The AI-powered text-to-real voice converter accurately mimics human
speech along with its emotionality and even considering
extraneous sounds that may surround at the time of the conversation.
The first week of the new year pleased fans of technological innovations
with the presentation of a new AI model from Microsoft. After
"listening" to a 3-second sample of a person's speech, it accurately
imitates voice and is quite ready to voice the written text. After
preliminary training, the AI model can become a full-fledged voice
understudy because it not only copies speech, but also considers all its nuances: tempo, timbre, volume, expressiveness, and so
on. The developers called their new product VALL-E.

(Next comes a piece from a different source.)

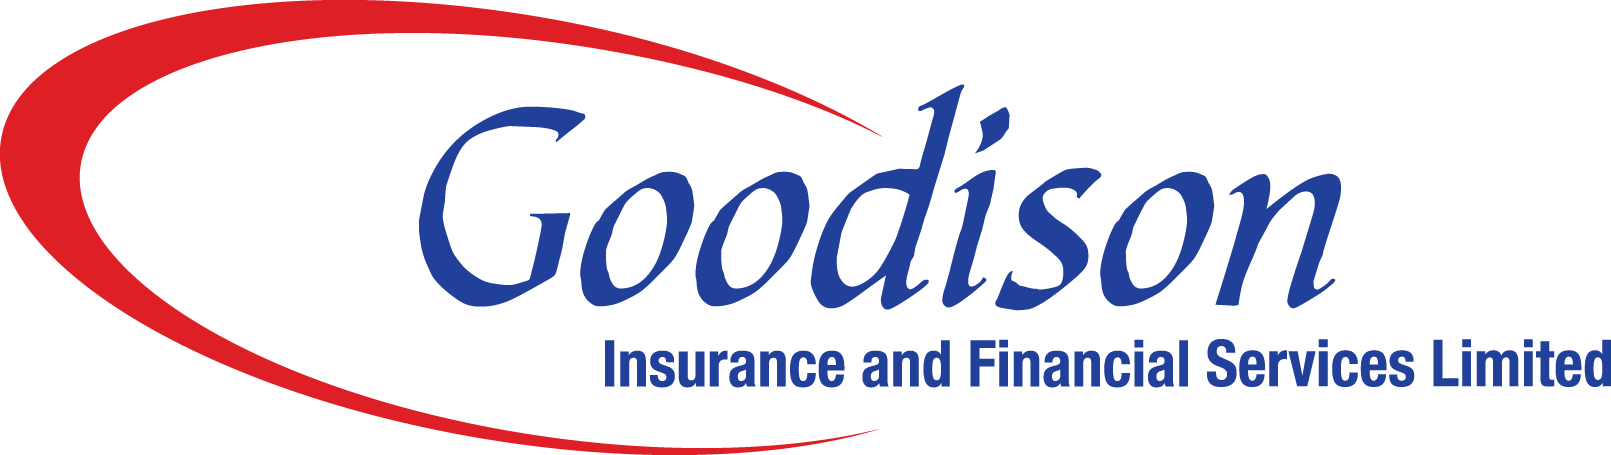 Goodison_Logo.png

Microsoft's experts characterize VALL-E as a neural codec language model,
since it is based not only on AI, but also on the latest EnCodec
technology developed by Meta. The "parents" of VALL-E believe that in
the future their offspring can be used to develop next-generation
services that convert text to speech and edit it, as well as to create
high-quality audio content. It is expected that Microsoft's new product
will become a valuable part of the collection of generative AI models.
At the same time, the developers understand that such technology can be very dangerous. Since VALL-E accurately copies the speech and speech behavior of a person, it may well be used for criminal purposes: for example, to pass voice identification instead of someone or to introduce themselves as another person. To combat these risks, it is necessary to create a special model that will distinguish simulated speech from real.